Southpaw Not Quite a Knockout


A flurry of haymakers in the form of boxing movie cliches, Southpaw was conceived as a loose remake of The Champ—Wallace Beery in 1931, Jon Voight in 1979—tailored for Marshall Mathers, also known as Eminem. The rage-iest rap star on the planet took the initial meetings with director Antoine Fuqua and screenwriter Kurt Sutter. Eminem eventually bowed out, affording Fuqua (Training Day, The Equalizer) and Sutter (The Shield, Sons of Anarchy) the leeway to rework the project for Jake Gyllenhaal.

Does it succeed? Sort of. It helps if you don’t mind your boxing movies made up of massive granite chunks of previous boxing movies. Just don’t confuse Southpaw with a really good example of the genre and its ringside dramatic possibilities, whether old (The Set-Up, Champion) or newer (Raging Bull or the less grandiose The Fighter). The script may have hamburger for brains, but Fuqua slams it home with the help of actors who give their all—even when giving a little less might have made things more interesting.

Southpaw starts not at the bottom or the middle of a fighter’s career, but the tippy-top. Billy “The Great” Hope, the Gyllenhaal character, survived a bruising childhood in a Hell’s Kitchen orphanage alongside his childhood sweetheart, Maureen.

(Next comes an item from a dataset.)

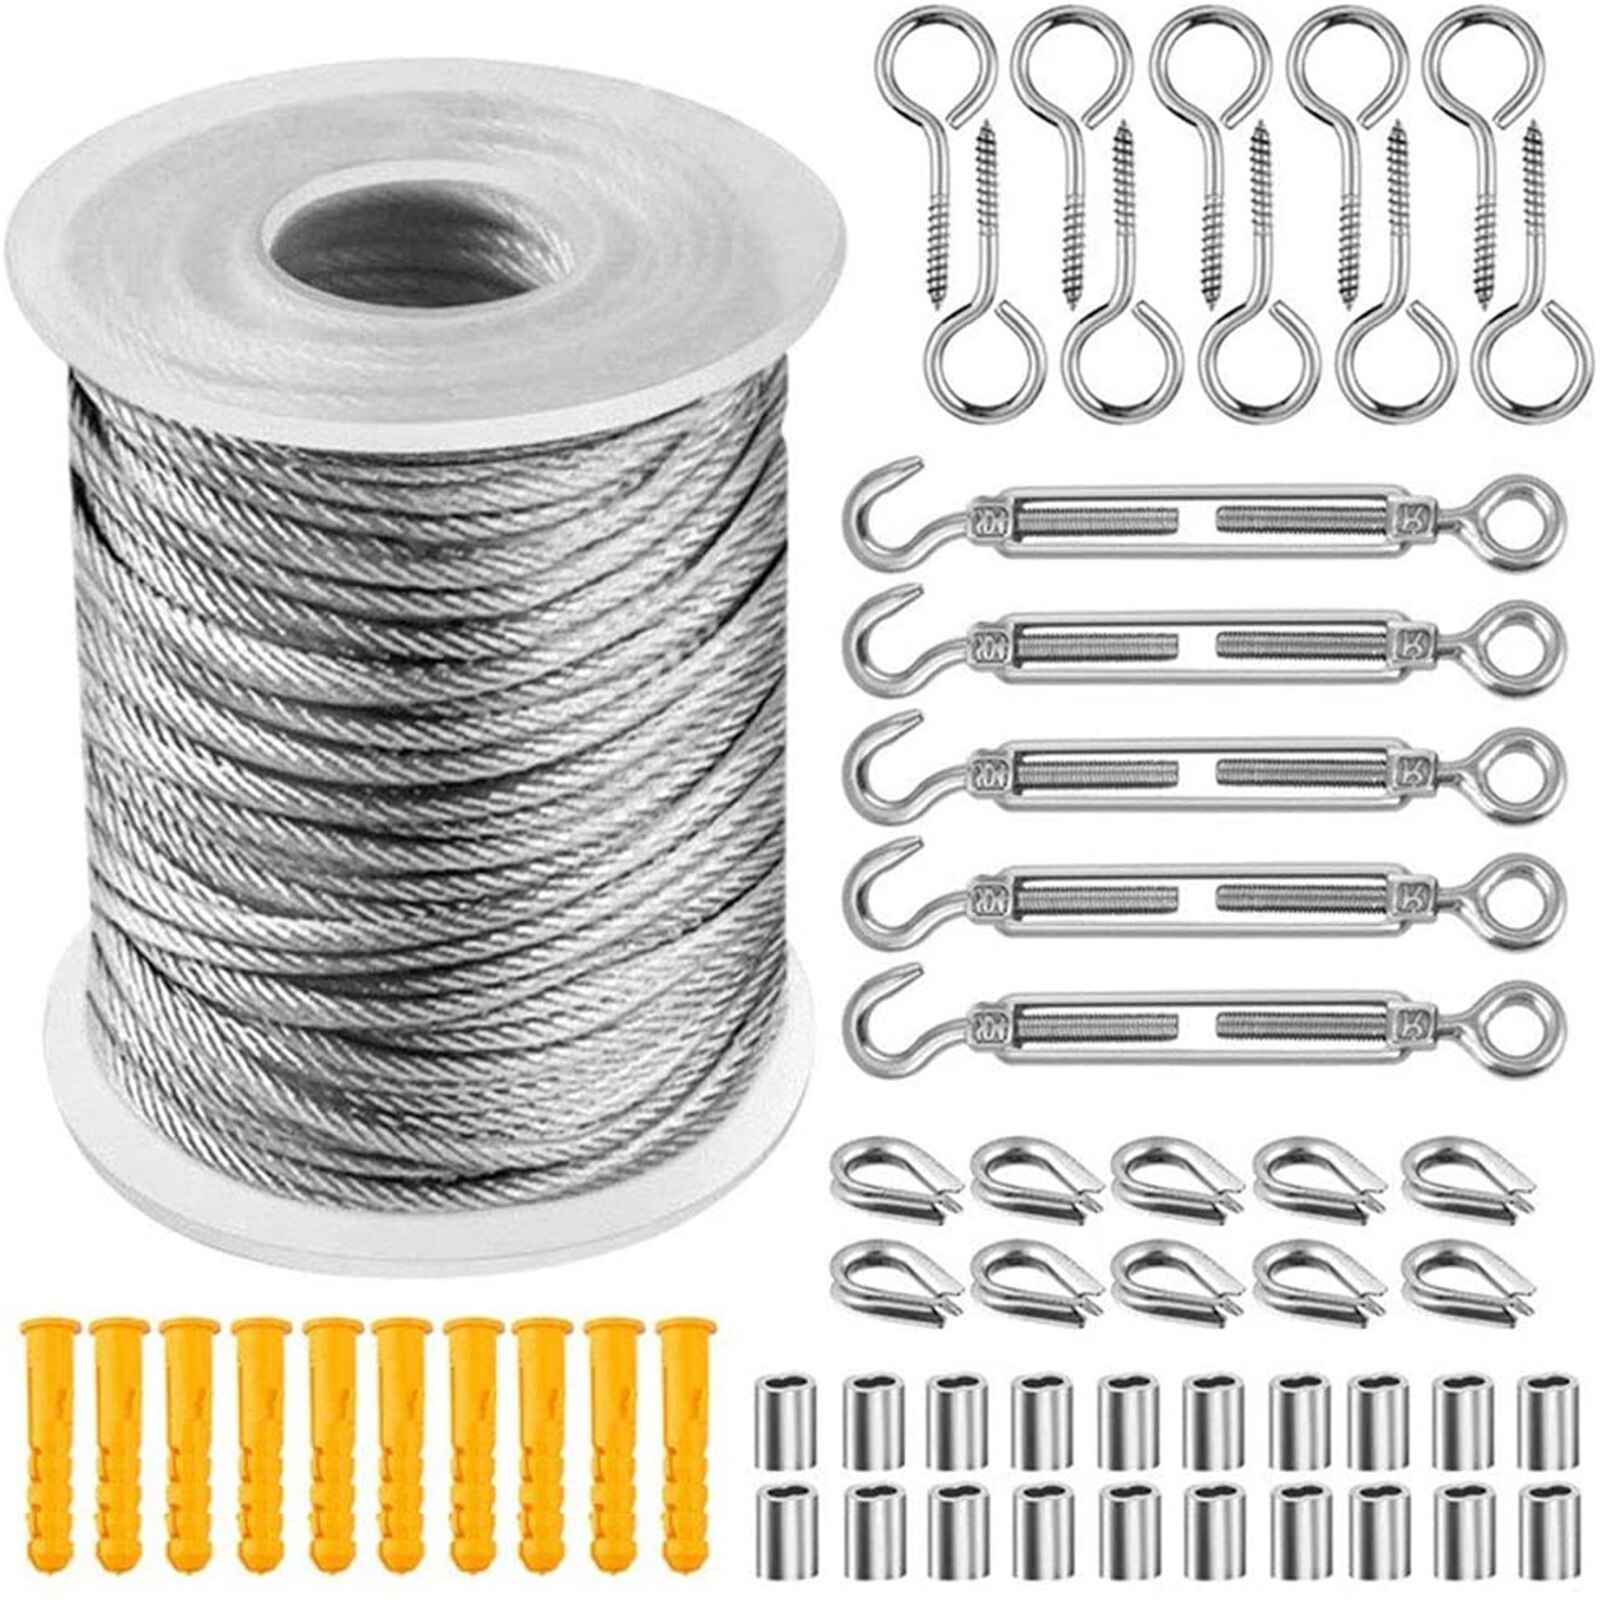 Soft Cable Stainless Steel Clothesline Flexible Wire Rope 57PCS Diameter 2mm Kit 30Meters Hooks Coated Flexible Wire Rope

People can talk all they want about Gyllenhaal reinventing himself physically for Southpaw, but as Maureen, Rachel McAdams does an impressive reinvention job in an atypically gritty role, without all the gym time.

Life is good for Billy and Maureen, now married, with a sweet, bespectacled moppet of a daughter (Oona Laurence). Billy’s the light heavyweight champ, with 43 straight ring victories. In narrative terms he’s just begging for a tragedy. When shots ring out after Billy’s charity event argument with an up-and-coming, trash-talking boxer (Miguel Gomez), the world cracks open. Billy spirals into near-instantaneous poverty, unemployment, heavy drinking, suicidal craziness and indecipherable levels of Method mumbles, while his daughter is taken into custody of child services. Quicker than you can say “I want my daughter back!” Billy’s in court, screaming “I want my daughter back!” while his manager (Curtis “50 Cent” Jackson) offers a sympathetic but unreliable shoulder to cry on.

Gyllenhaal’s never comfortable playing fast talkers; he’s more of a slow burner. In Southpaw each new slow burn leads to overturned chairs and tables followed by handheld close-ups of Gyllenhaal’s grief and anguish. Billy must learn to be a smarter, less angry warrior in the ring. The champ must retrain himself for life inside and outside the ring, under the tutelage of wizened trainer Tick Willis. He’s played by the formidable and ever-welcome Forest Whitaker, whose way of humanizing artificial constructs borders on the miraculous. “Stopping punches with your face—that’s not defense,” Whitaker says, in one of the better lines.

Fuqua’s visual technique mirrors the unreformed rageaholic Billy, not the cleaned-up, more selective Billy. The fights look like a hundred other fights we’ve seen in the movies, with slightly zazzed, sped-up action and quick cutting that’s more expedient than inspired. The same can be said of the whole movie, which may well find a large audience hungry for a simple, blunt fairy tale about a hunk with a heart as big as Madison Square Garden.